Yeah, "pretty young blonde White girl missing" is the headline grabber. And this from the same media that howls so loudly about minority under representation. The media are verminous scavengers. This particular incident happened quite close to me. Prosser res is only about a half hour away. Used to hang out in that area a lot when I was in my 20s and lived just outside of Reno.
Folks hereabouts get pretty stirred up when a murder like this happens close. A story like this will always headline before the Hispanic or Black girl who gets shot in a driveby down on Sutro and Montello. Which does stir me up a bit considering how the media is always finding RACISM hiding in every quarter but their own.

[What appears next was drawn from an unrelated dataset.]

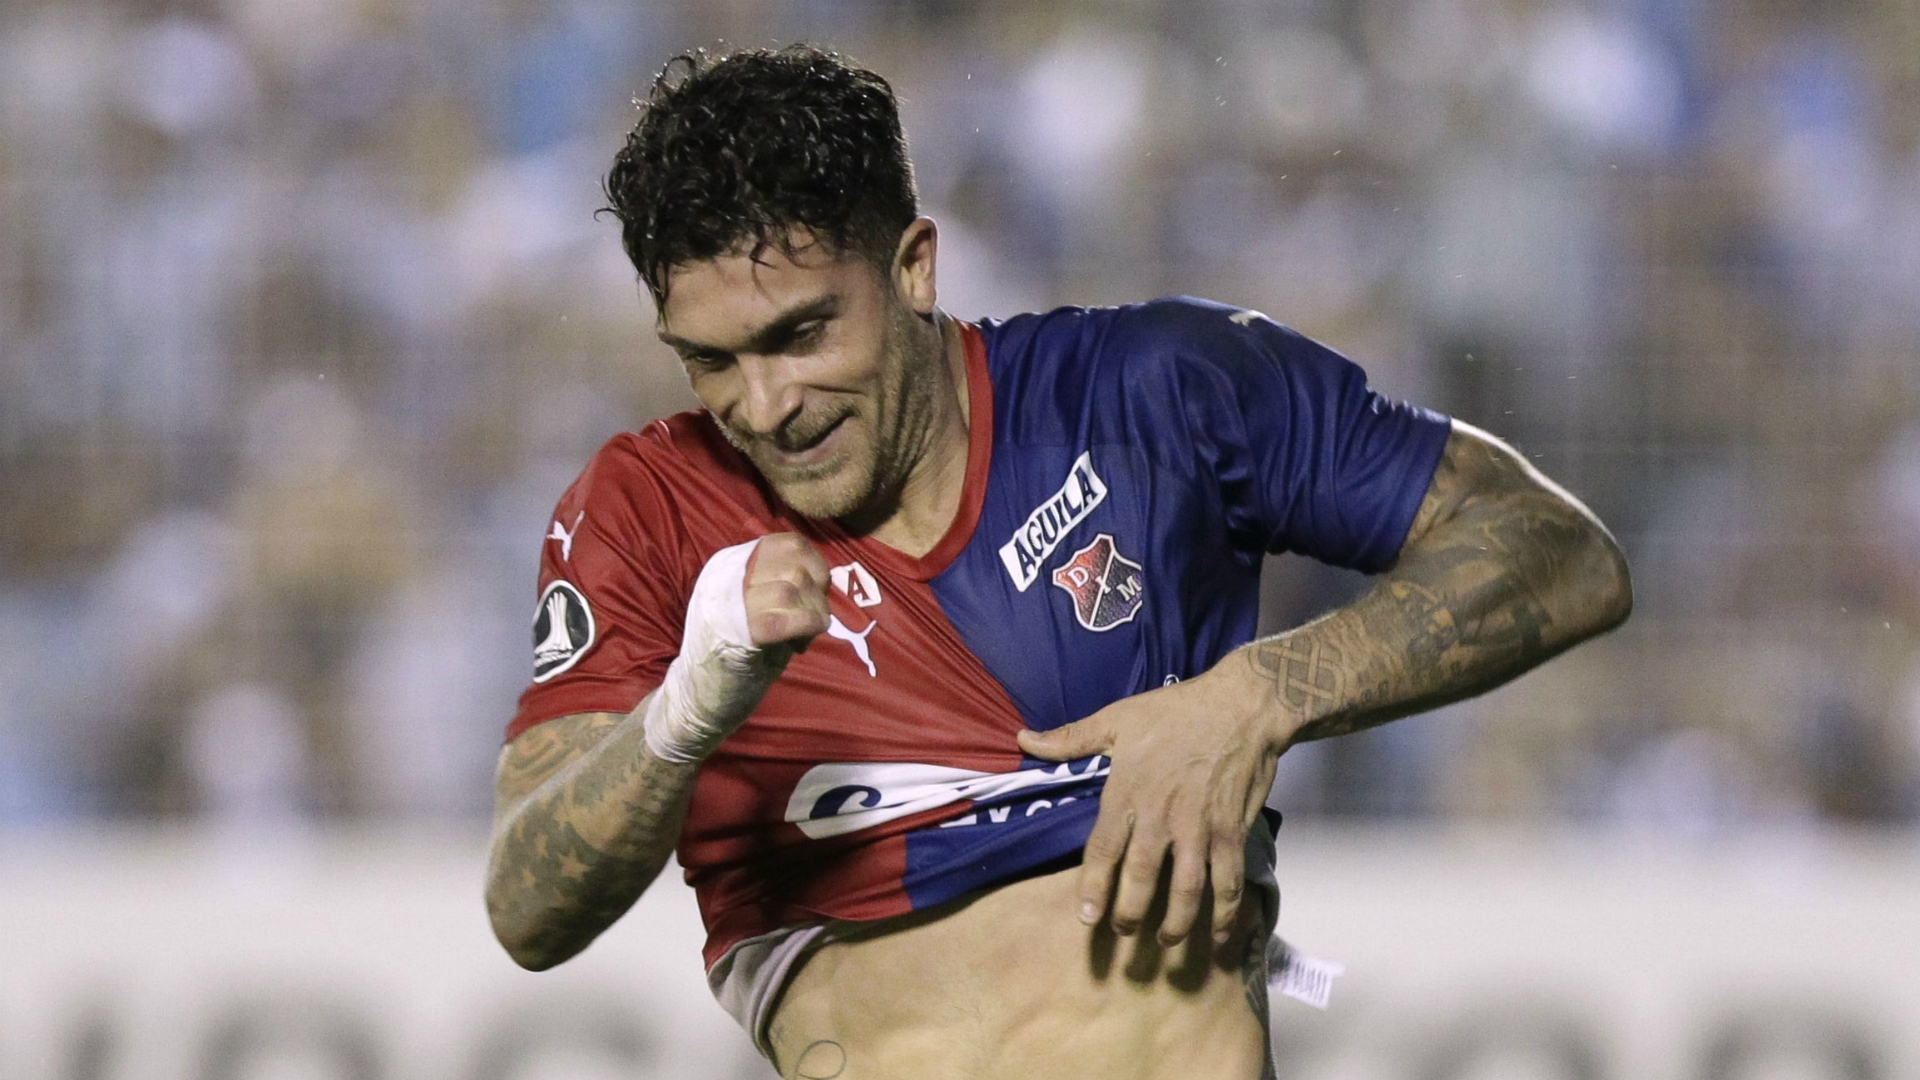 Adrián Arregui Independiente Medellín Atlético Tucumán Copa Libertadores 2020 (Getty Images)

But sometimes it does matter on how they get justice, or don't.
Out of interest, you might want to read about Kaysera Stops Pretty Places, an 18-year-old indigenous woman who was missing and found murdered in Montana. There might be something pretty dark behind the investigation of her death, though, that wasn't relevant to the Gabby story.
Stories like that can do something to scare me. Same goes for a Black male, geology student, in his 20s who went missing in the Arizona desert. He went missing in June 2021. It's August 2022 and still no answers. While Gabby Petito was getting all kinds of coverage, Daniel Robinson, well, let's just say I haven't heard his name mentioned nearly as much.
It scares me because I have a habit of traveling alone, sometimes to remote places.
I don't question why stories about blonde women going missing gain alot of traction. There is something else that should be asked. Why do we rarely get stories about men going missing? I also think about why stories about Black and Hispanic children going missing rarely gain traction. I try to avoid Wal-Mart. However, whenever I have gone to Wal-Mart, I see several pictures of children going missing. Most of them are Black or Hispanic. For as long as I've been alive, Black and Hispanic children get far less attention when they go missing. Men of any race rarely get as much attention either.
That’s because their parents don’t go to the media as much, or the news media isn’t shocked enough when crime happens in high crime areas. If people want more coverage demand it.
Where I live, most of the "amber alerts" have been Black children under the age of 10. And for some bizarre reason, out of the small towns. Anytime I've been to Wal-Mart and found posters of missing children, most of them are Black or Hispanic. A large number of them runaways.
Most amber alerts are children taken by a parent in a custody dispute.
Most amber alerts are children taken by a parent in a custody dispute.
I've noticed that too, especially when White children go missing.